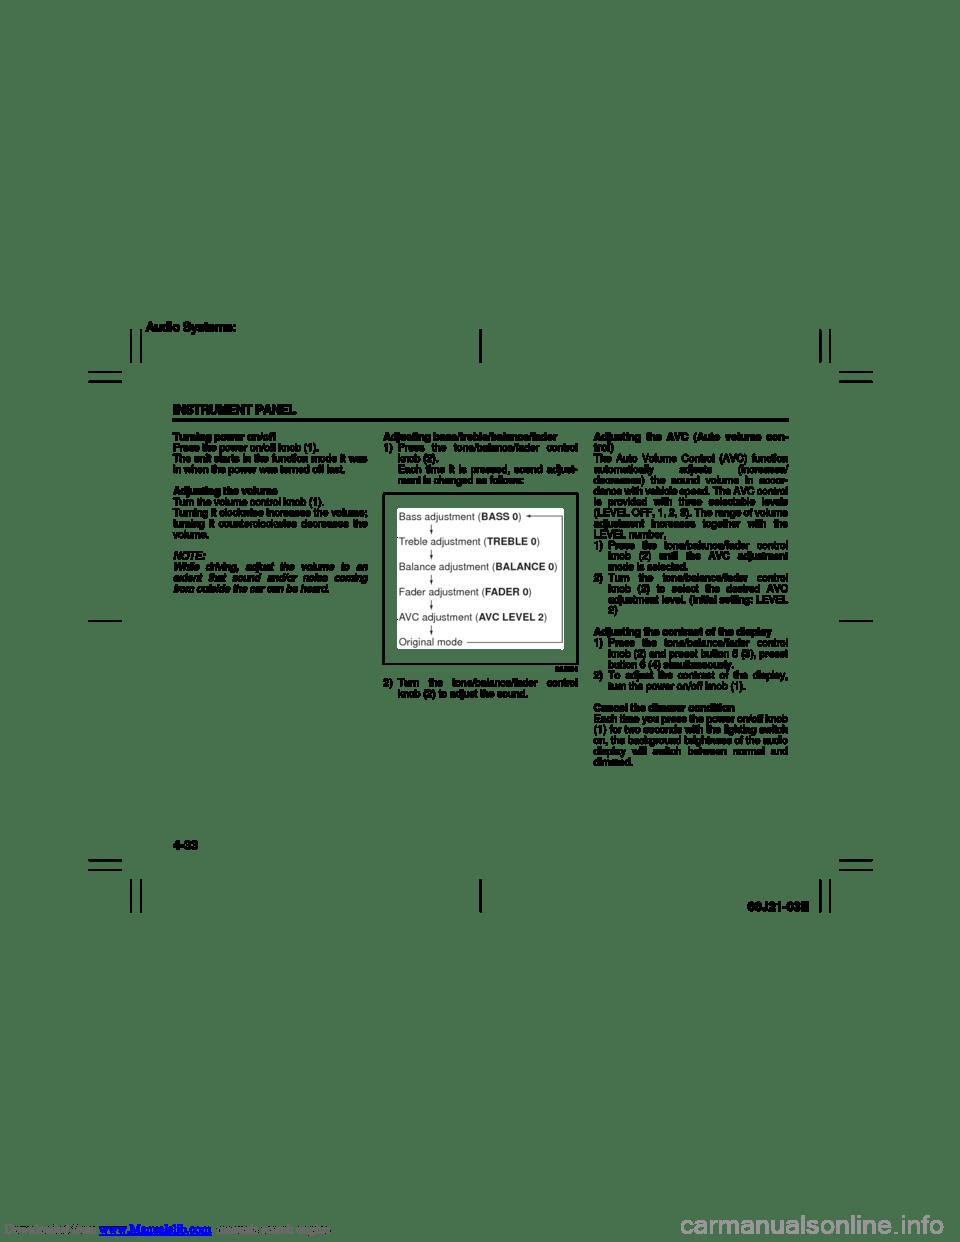 SUZUKI GRAND VITARA 2007 3.G Owners Manual
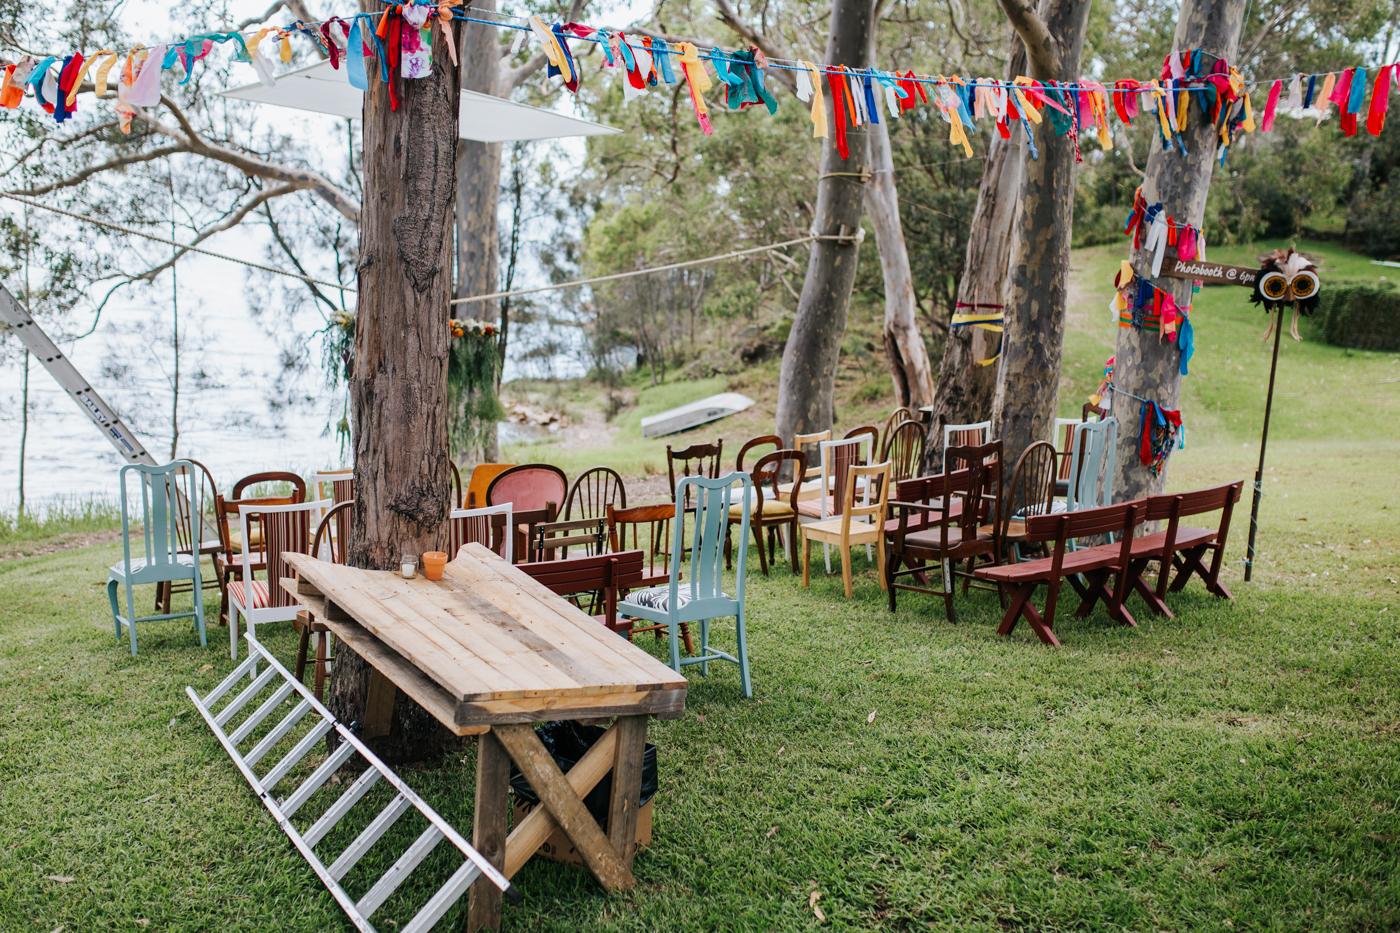 Emma & Ben - Lake Macquarie - Hunter Valley Wedding - Samantha Heather Photography-10.jpg
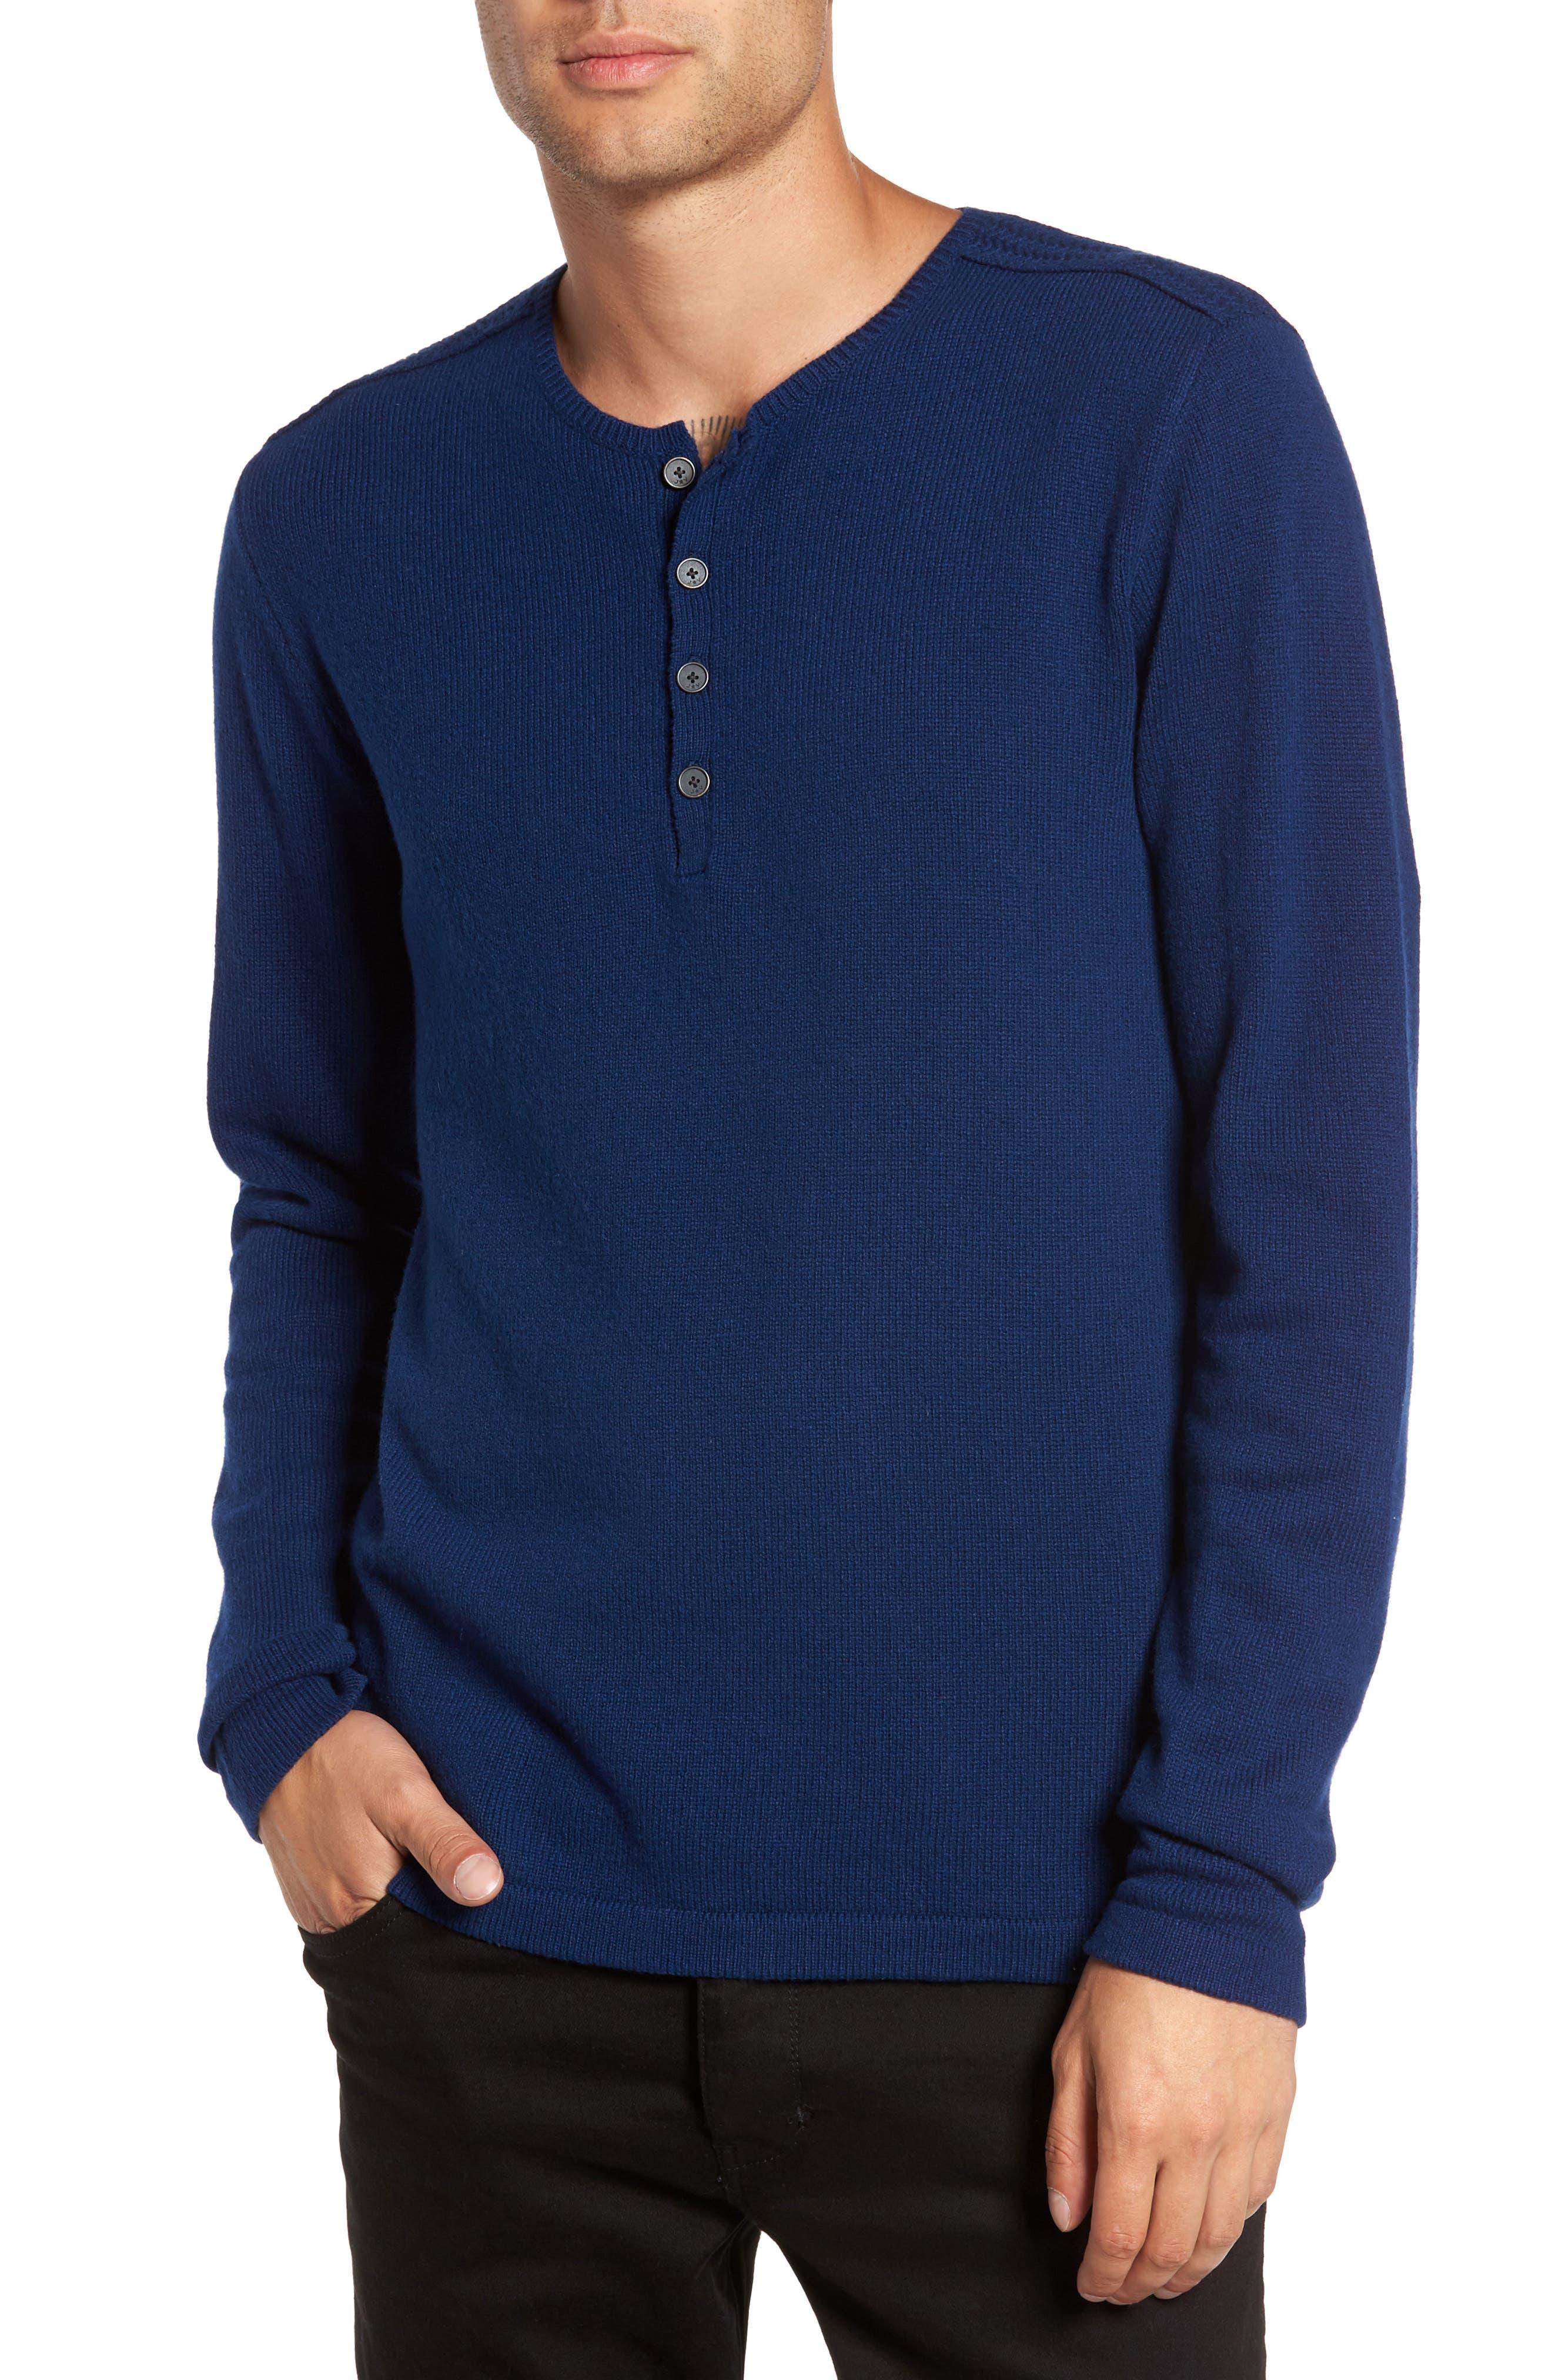 Henley Sweater,                             Main thumbnail 1, color,                             Atlantic Blue

> EXERCISE INSTRUCTIONS
All the lines above are to be reproduced exactly, except the pictures.

> EXERCISE RESPONSE
 SUZUKI GRAND VITARA 2007 3.G Owners Manual
 Emma & Ben - Lake Macquarie - Hunter Valley Wedding - Samantha Heather Photography-10.jpg
 Henley Sweater,                             Main thumbnail 1, color,                             Atlantic Blue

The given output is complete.